For when you just need to copy-paste something and get on with your life:

from unittest.mock import Mock, MagicMock, patch, PropertyMock, ANY, call

# Basic mock
m = Mock()
m = Mock(return_value="value")
m = Mock(side_effect=Exception("boom"))
m = Mock(side_effect=[1, 2, 3])
m = Mock(side_effect=lambda x: x * 2)
m = Mock(spec=SomeClass)

# Setting nested attributes
m.foo.bar.baz = "value"
m.foo.bar.return_value = "value"

# Patching
@patch("module.path.thing")
@patch.object(SomeClass, "method")
@patch("module.path.CONSTANT", new=42)
@patch.object(SomeClass, "prop", new_callable=PropertyMock)

# Assertions
m.assert_called()
m.assert_called_once()
m.assert_called_with(arg1, arg2, key=val)
m.assert_called_once_with(arg1, arg2)
m.assert_any_call(arg1, arg2)
m.assert_has_calls([call(1), call(2)])
m.assert_not_called()

# Using ANY for flexible matching
m.assert_called_with(ANY, name="specific")

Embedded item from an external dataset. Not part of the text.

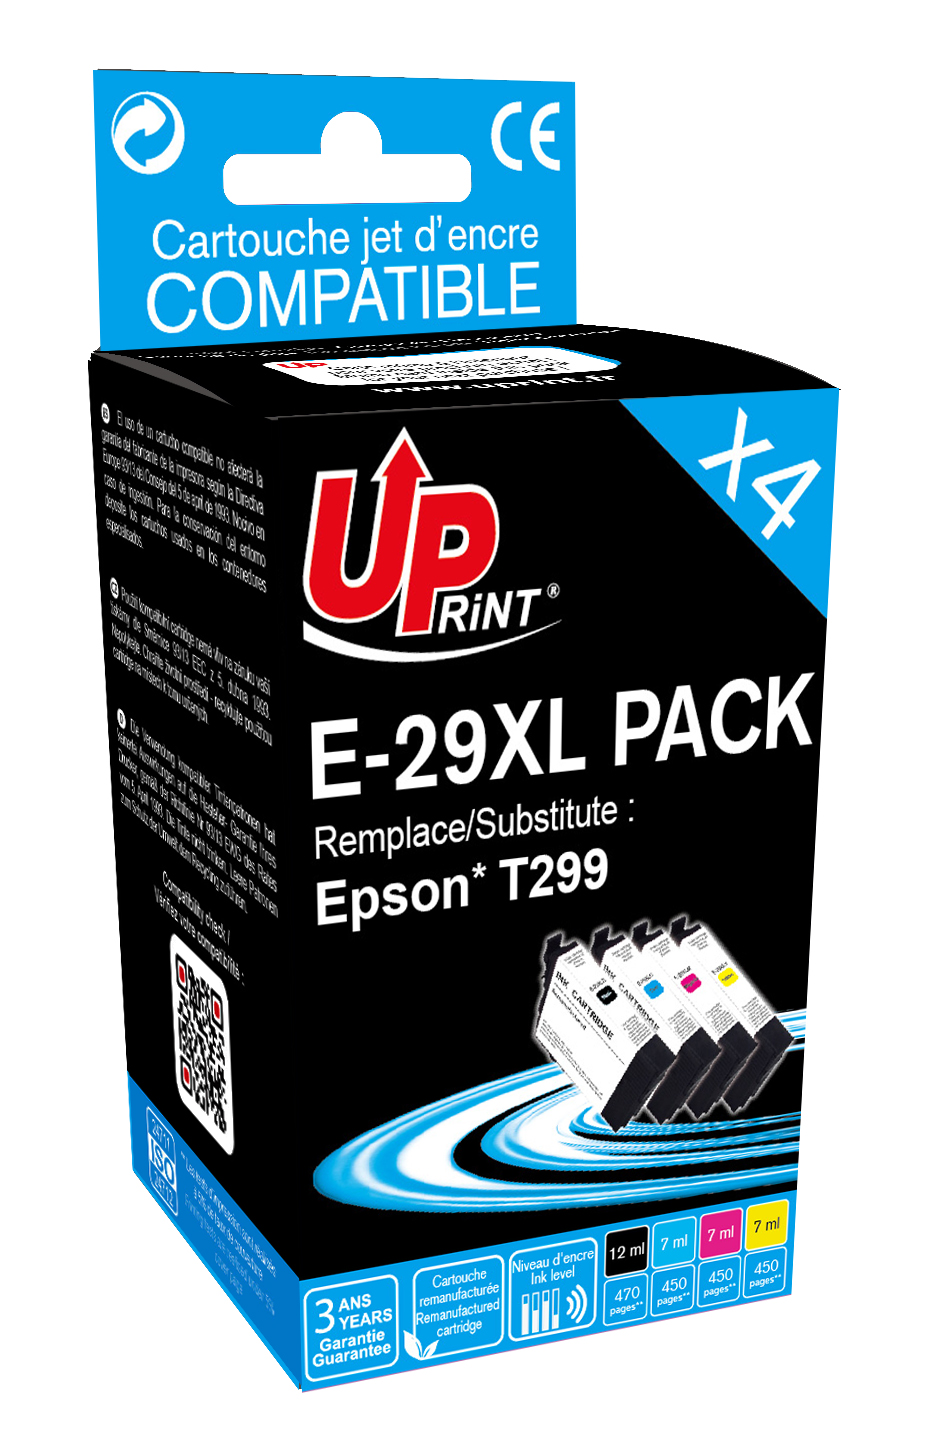 cartouches encre compatibles pour imprimante Epson XP-435 LOT de 5 - k2print

This was supposed to be a quick reference. Certainly, this is not the limit of the mock library, but I’m already looking forward to utilizing this summarized version of how Mocks should be constructed instead of reading through the longer (and more precise) official documentation or googling various StackOverflow answers.

And who knows, maybe it will someday be of use to some other mock-frustrated programmer soul, who will be gladdened to have found this post.